🐉 Taming the beast - How I built a centralized AI toolkit and skills library | Blog

One of the challenges with agentic coding is the skill sprawl.

At Superbalist we have a lot of repositories, and the team had started using different AI coding agents to work in them.

Agentic sprawl is real

This gave rise to a few problems:

Scope. Skills are useful, but a skill that lives in a developer machine or is committed to only one repository helps only that repository. I wanted a single place to write skills that might be used across multiple repositories and have every repository read from it. I also wanted improvements to reach every repository without opening a pull request against each one by hand.
Duplication. If every repository has its own copy of a skill, then the same skill lives in many places. This makes it hard to keep them in sync, and it makes it hard to know where to edit when you want to improve a skill.
Not tool agnostic. Different people use different tools, and each tool expects its resources in a different shape. If I write a skill for one tool, I have to rewrite it for every other tool.

So I started with idea of creating a shared toolkit, which would be a single source of truth for skills, commands, and agent instructions. Every repository would read from it, and every update would propagate to every repository. It would also serve as an org wide bank of proven skills which people could pull from when they needed to solve a problem, and a place to share improvements when they found them.

This post describes how the toolkit ended up structured, and the two designs I built before the one I kept.

The first idea: a local server

My first design was a local stdio server that spoke the Model Context Protocol. It would run on each developer’s machine and serve skills to whatever agent asked for them. The appeal was that it was live. Change a skill, and every session would see the change immediately, with no sync step.

I wrote part of the design before I stopped. The question I could not answer was what the server did that the filesystem did not. Agents already read files. A skill is a markdown file. The server would add a background process, a protocol, and a per-session lifecycle, all to deliver text that a file on disk already delivers. The live updates were real, but they solved a problem I did not have, and they added cost I would pay continuously.

I like the idea that a Skill is a runbook, an MCP server is a live socket, so I dropped idea of serving instructions via the server. I decided to use the simplest mechanism that worked, and to revisit that only if a real need appeared.

The submodule and the sync script

The second design was a git submodule. Each repository carried the toolkit in a subdirectory. Two bash scripts did the wiring: one to set a repository up, and one to copy content into place. This is a standard use of submodules.

It worked for a couple of weeks, but several problems showed up:

Cloning a repository needed the --recursive flag, or the toolkit directory came up empty.
The .gitmodules file changed often and appeared in diffs that had nothing to do with the actual change.
Each repository carried a full copy of the toolkit, so the content was duplicated everywhere.
Updating a repository required a commit to bump the submodule. Most repositories fell behind, because that commit rarely happened.
CI containers handled submodule initialization inconsistently.

These looked like five separate problems. They had one cause. The toolkit was copied into each repository, and every problem was a symptom of that. Once I saw this, the fix was to stop copying it in.

One clone per machine

The design I kept inverts the arrangement.
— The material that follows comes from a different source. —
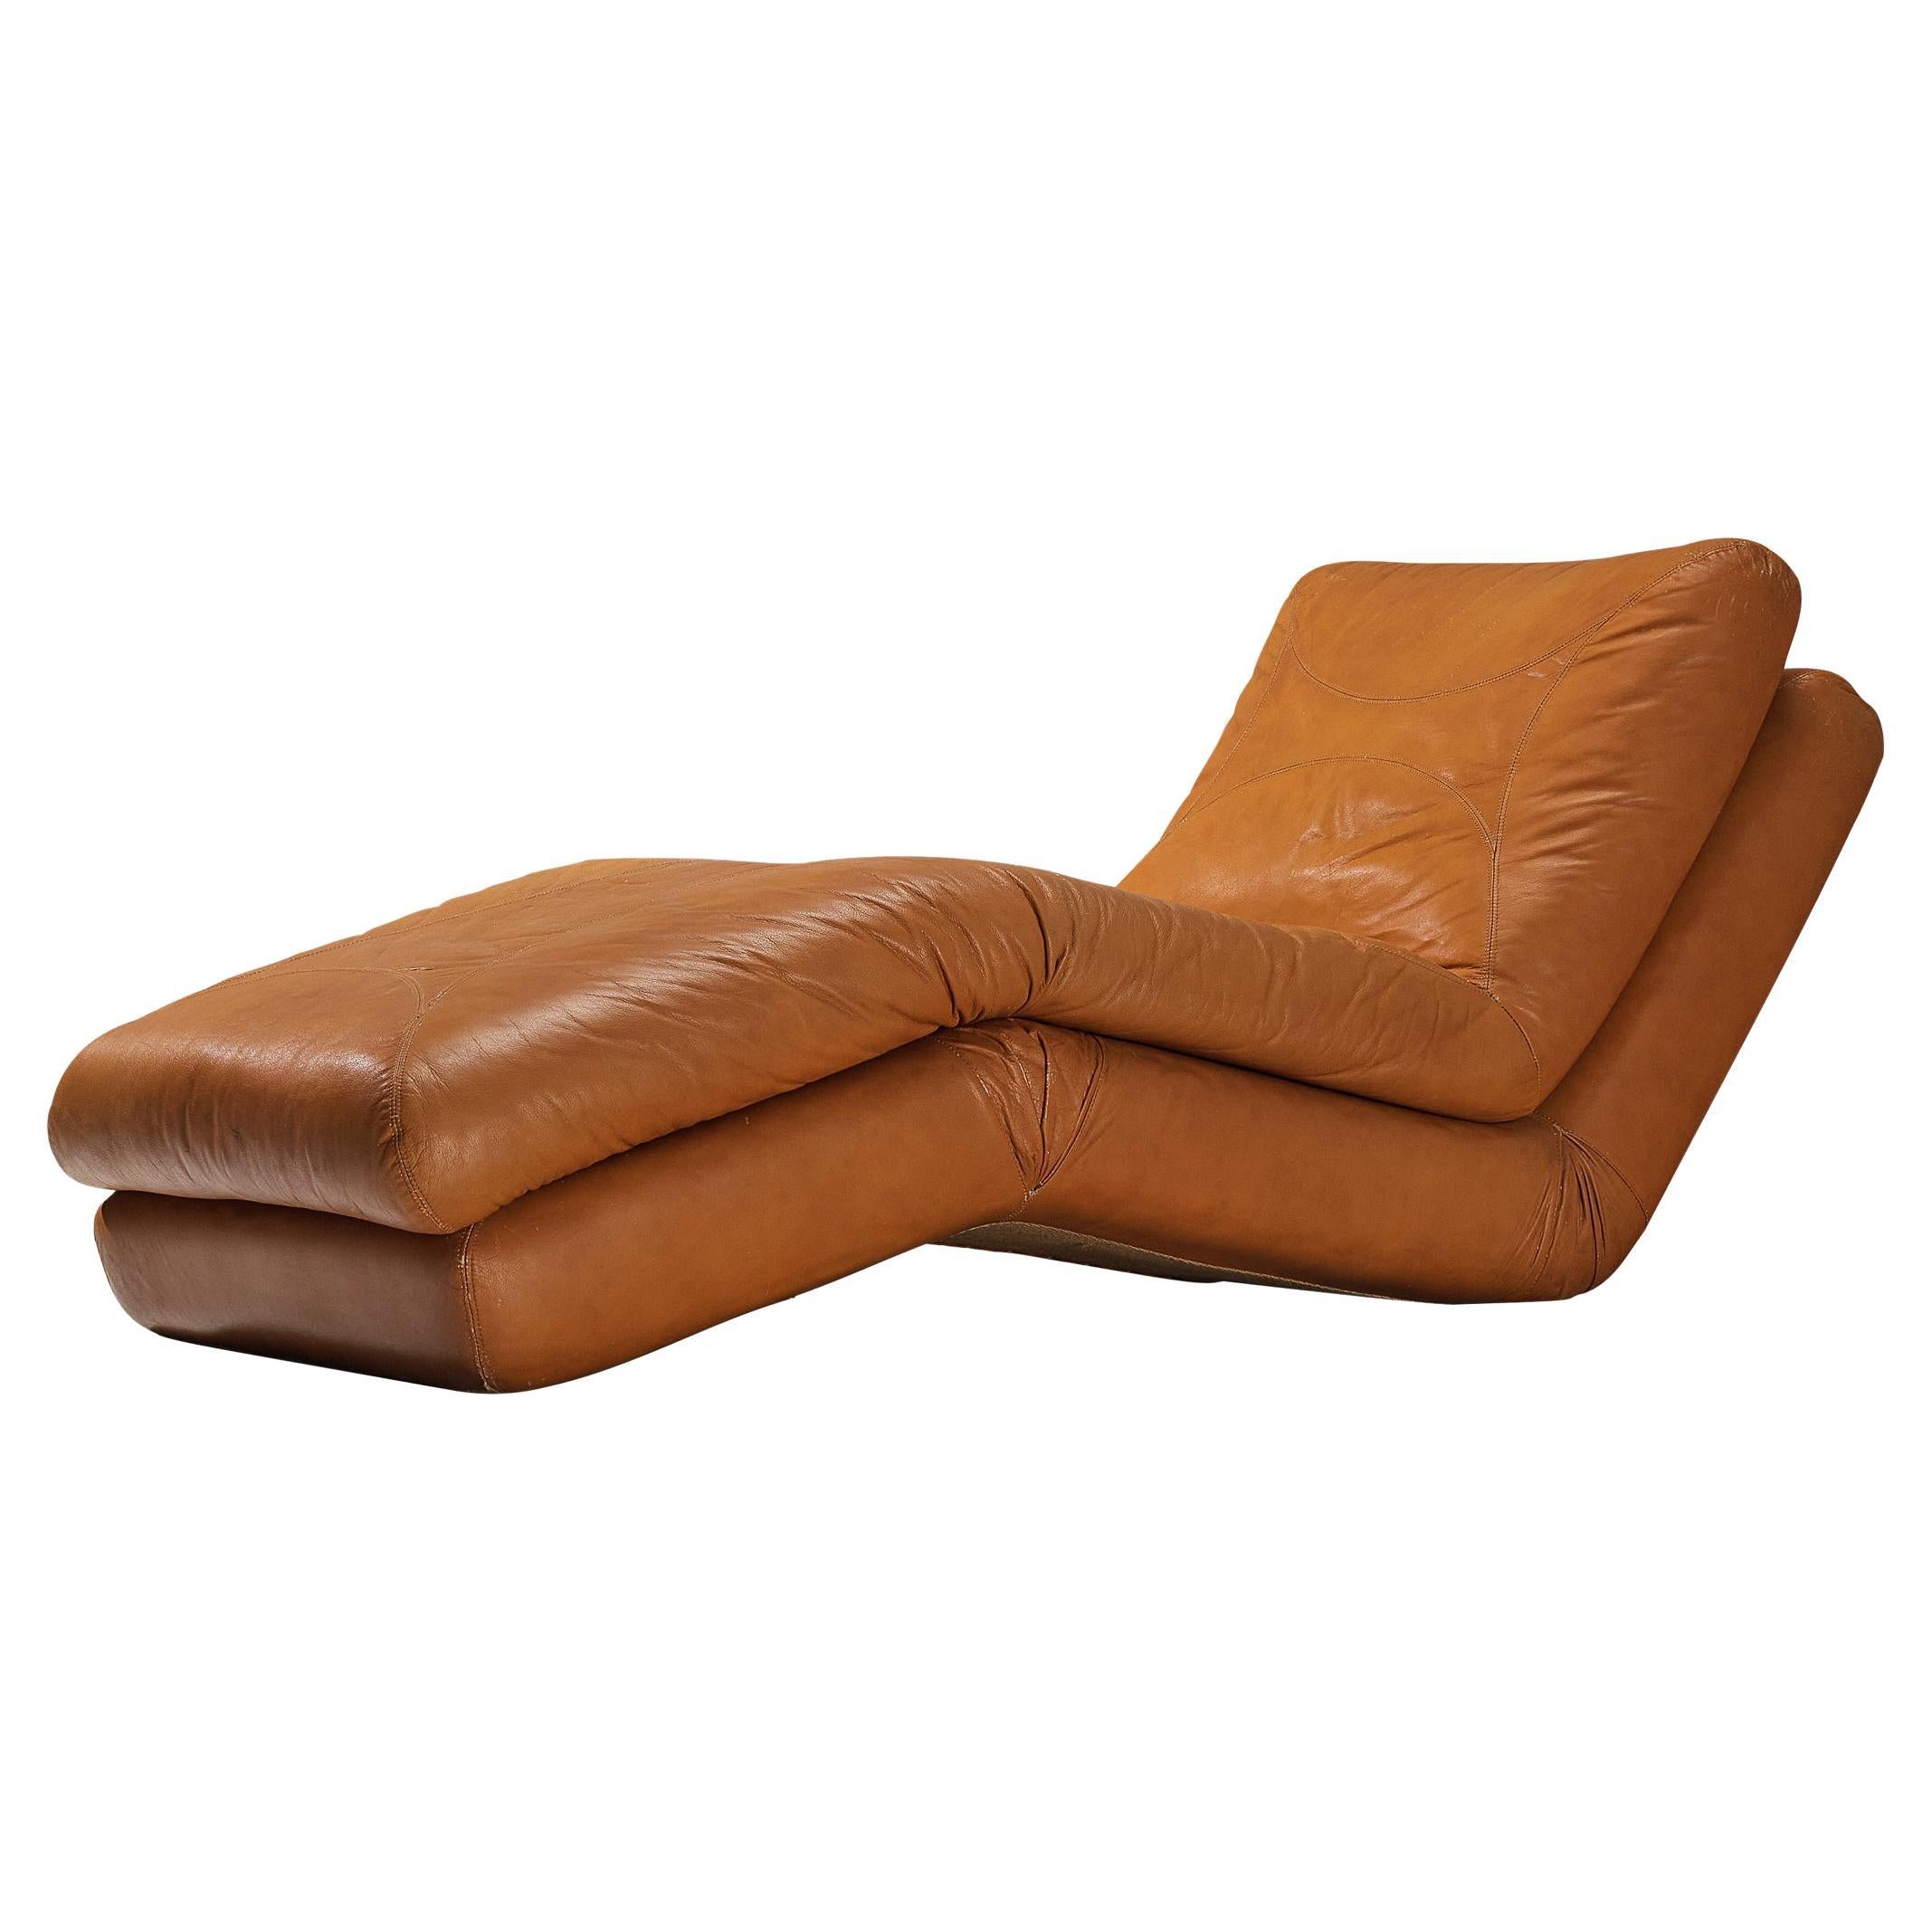 Alessandro Becchi for Giovannetti 'Papessa' Chaise Longue in Leather

There is one clone of the toolkit per machine, in a fixed location in the home directory. Every repository on the machine shares that clone. The repositories do not carry the toolkit. They carry a small manifest file that lists which parts of the toolkit they use.

This removed all five problems at once. There is no duplication, because there is one copy per machine. There is no version pinning and no bump commits, because the clone tracks the latest and one pull moves every repository on the machine forward together. CI no longer deals with submodules, because there are none.

I also replaced the bash scripts. They had grown special cases and assumptions about the shell, and I no longer trusted them. I rewrote the toolkit as a small Python package with a CLI called supai. The common commands are short:

supai init      # once per repository
supai sync      # after editing a skill
supai update    # to pull the latest toolkit content

The clone is installed in editable mode, so it is the source of truth. A git pull in the clone takes effect immediately, with no reinstall step. The copy I develop against and the copy the repositories use are the same copy. The install step only clones and links. The rest of the logic lives in the toolkit, so it can change and every machine picks up the change on the next pull.

The CLI declares its own dependencies and uses uv to resolve them on first run, then caches them. There is no separate install step and no virtualenv to manage.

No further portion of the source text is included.